札幌医大皮膚科学講座では、メラニン合成の生化学的および分子生物学的研究、システアミニールフェノール・マグネタイトナノ微粒子によるメラノーマの実験治療、色素性乾皮症の遺伝子診断と病態の研究、悪性黒色腫(メラノーマ)の細胞遺伝子と増殖制御機構の研究、などの基礎的研究から、メラノーマおよび非メラノーマ皮膚癌の診断と治療、ウイルス性皮膚疾患の臨床研究、イミキモドによる皮膚癌診療、創傷治癒の遺伝子治療などの臨床的研究まで幅広い研究を行なっている。

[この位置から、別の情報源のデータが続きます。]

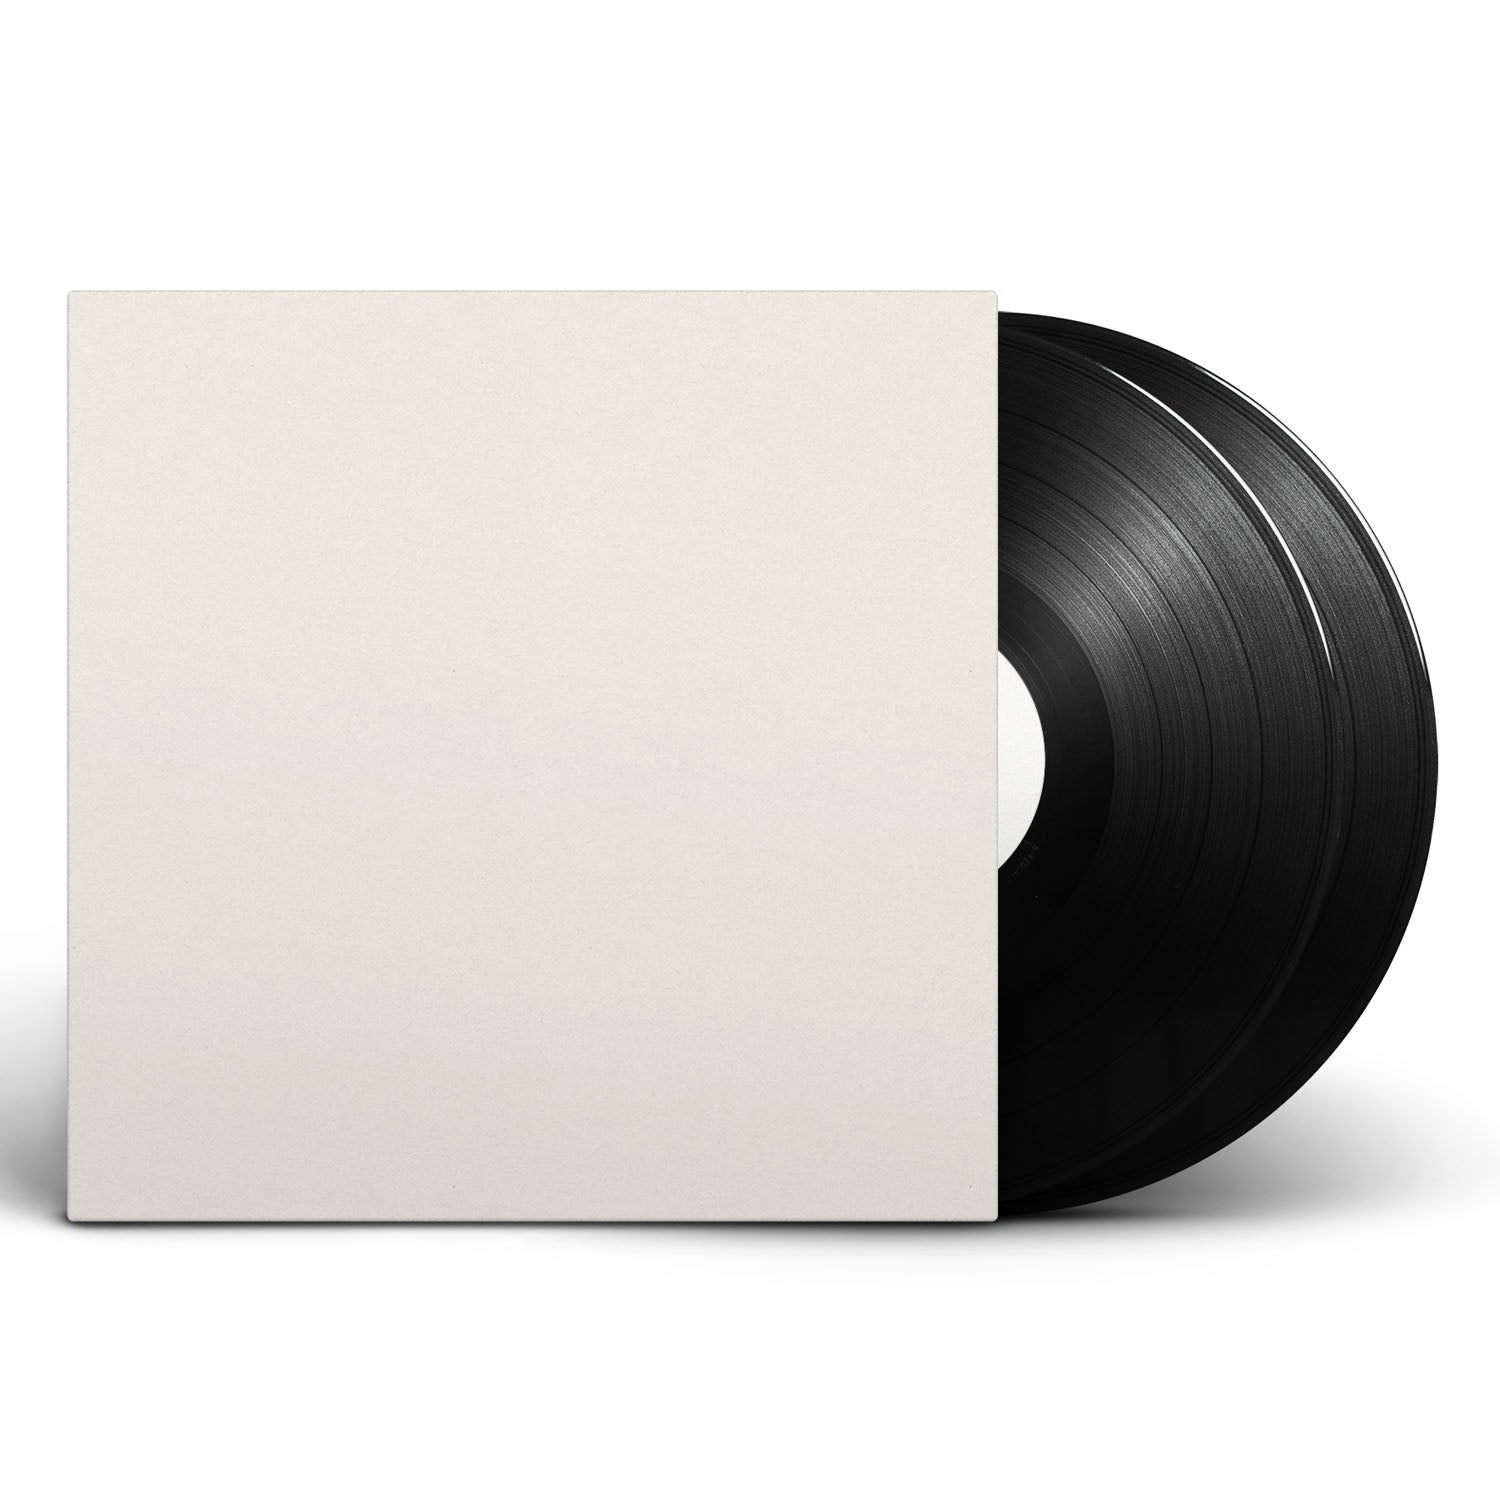 Caroline Rose - The Art of Forgetting [Audiophile Collector's Edition Test Pressing]

毎年、日本皮膚科学会総会、日本研究皮膚科学会、日本色素細胞学会、国際研究皮膚科学会総会などに多くの演題を発表しており、国際的なジャーナルにも論文を発表している。

基礎的研究

1. メラニン合成の生化学的および分子生物学的研究

メラニンは有害な紫外線を吸収し皮膚を保護する重要な機能を担っている。メラニン色素は、メラノソームと呼ばれるメラノサイト内の小器官に貯蔵され、メラノサイトから周囲のケラチノサイトへ転送され、紫外線防御に働く。
当教室では、メラニン合成酵素チロシナーゼ、TYRP-1、TYRP-2、gp100が、ゴルジ体からメラノソームへ、さらには、メラノサイトからケラチノサイトへ輸送される分子機構を、免疫組織学や遺伝子導入実験を駆使して研究している。同時に、これらメラニン合成蛋白質のもつ細胞死誘導および抑制活性の分子機構や紫外線によって誘導されるメラノソーム遺伝子の機能解析を進めている。1) チロシナーゼ遺伝子は各種細胞に細胞死を誘導するが、TYRP-1あるいはTYRP-2はチロシナーゼの細胞毒性を抑制する (Exp Cell Res 2004; 298: 317-328)。2) TYRP-1、TYRP-2の細胞内輸送には、Rab7の発現が必要であり、Rab7はgp100が早期メラノソームへの集積にも関与する (J Invest Dermatol 2002; J Invest Dermatol 2008 128: 143-50; J Dermatol 2011:38:432-441)。3) メラニンは黒〜茶色を呈するユーメラニンと赤〜黄色を呈するフェオメラニンとして合成される。これらのメラニン産生スイッチングにはcAMP非依存性シグナルが必要であることを明らかにした(Pigment Cell Melanoma Res 2009: 22: 623-634)。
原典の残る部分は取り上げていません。